As I mentioned, when I take the time to pause and truly reflect what it will be like to be in the presence of the Lord in Heaven or how it feels to be truly comforted, the images that come to my mind are of stepping into the folds of two strong, warm arms clothed in white. I am a child falling into the safest of all places, being embraced and held for that "30 second hug.’ The purest love flowing from His embrace instantly removing all physical discomfort and pain -- immediately taking over me. All the hurts and disappointments that have kept me from being the content child He meant and longed for me to be are gone. What an amazing feeling of freedom. There have been moments in my life where I have experienced unconditional love, but they will never compare to how deep and true God’s love is for me during that moment. I am treasured and wanted beyond anything else.

Often during those moments when I worship, I will experience a physical type of worship that is reciprocated, feeling the Lords hands on my face. It draws my gaze upward and I am transformed into a little child for the moment. The physical act of placing one’s hands on either side of another’s face is an extremely intimate act that is rarely seen or experienced. We will sometimes do that to our special needs children to gain their undivided attention, but I almost never see it in our human world done for the express purpose of saying you are loved and adored over anything else.
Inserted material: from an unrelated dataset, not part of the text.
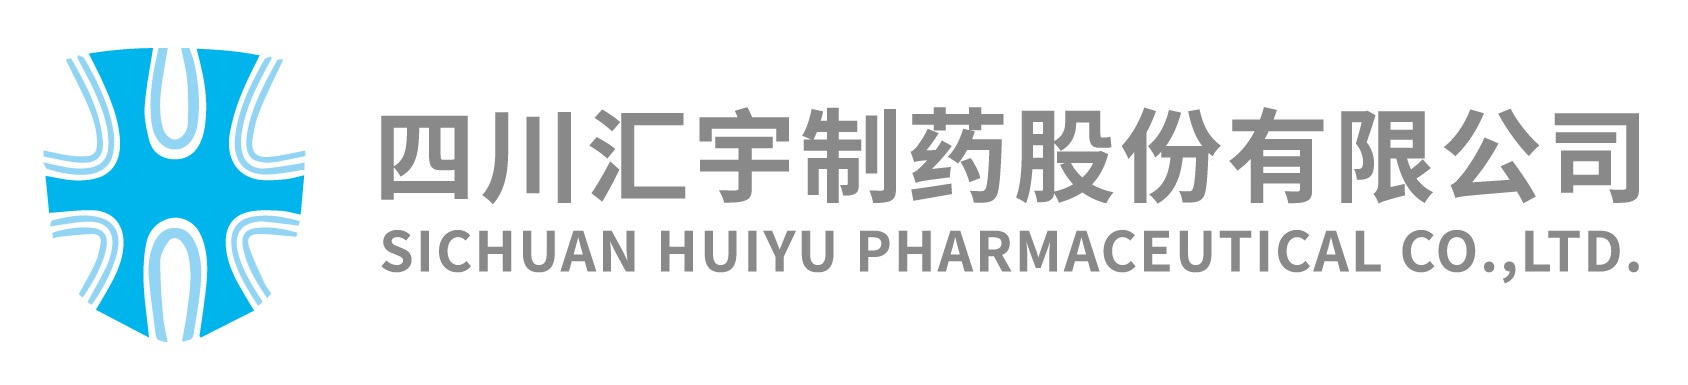 Sichuan Huiyu Pharmaceutical Co.,Ltd.
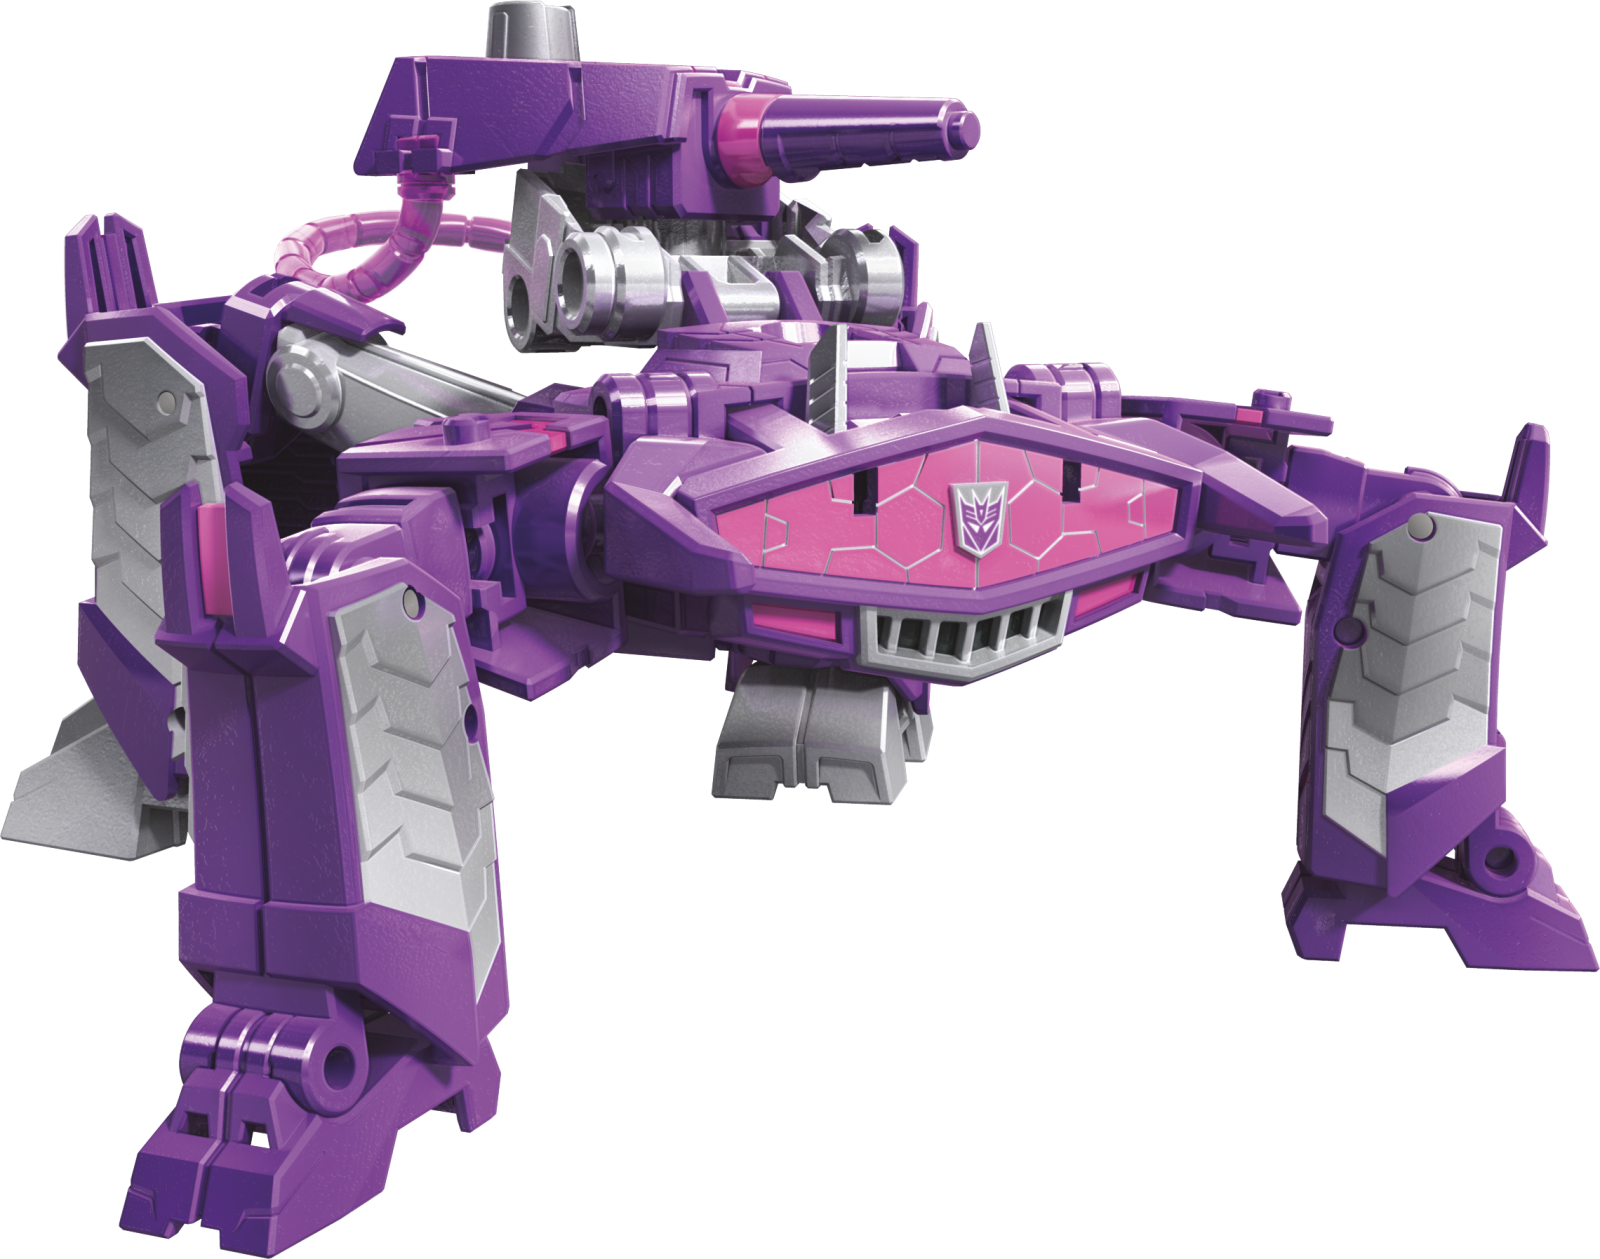 Transformers Cyberverse Shockwave. Transformers Cyberverse Deluxe. Transformers Cyberverse Шоквейв. Transformers Cyberverse Deluxe class. Transform each

Long ago, when my daughter Brenna was just a toddler she would do that and say "I dooooooo" which was her response to me after a warm hug from me telling her how much I love her. Since she is now silent in her ability to communicate verbally and has not had the ability to use her arms for over 10 years, I ache for those memories and will treasure those pure-love expressions until the day she is able to reciprocate all of the "I doooooos" she receives from me in the meantime.

During those times when I can feel the warmth of my Father’s hands on my face, they are so warm, so gentle, yet they are big, encompassing the entire sides of my face. I want to immediately just give into it, laying my head to one side to allow myself to feel the strength there supporting me, giving me such unconditional love. This morning I have been blessed with this comforting feeling for reasons I do not know, but will gladly receive. It has stayed with me as I have written this while the phone has been ringing and dogs barking. Hunter has been blessedly asleep in the other room and has only stirred once or twice. Allowing my mind to focus and truly experience this wonderful lingering experience has been such a gift today and I guess the only way that I can truly honor our Father is to share my thoughts and feelings those around me. I am such a flawed and fragmented human. Finding quiet time is so rare for me. If given more than 10 minutes without a task at hand would find me unconscious if the seating conditions are right. I pray and commune with our Father "on the fly" most of the time. I am so grateful for those times I can be with him for more than a brief pause. I love you God and am so thankful I am one of yours, I am so thankful you can intervene in my life even when I do not ask for it and give me just what I need and more.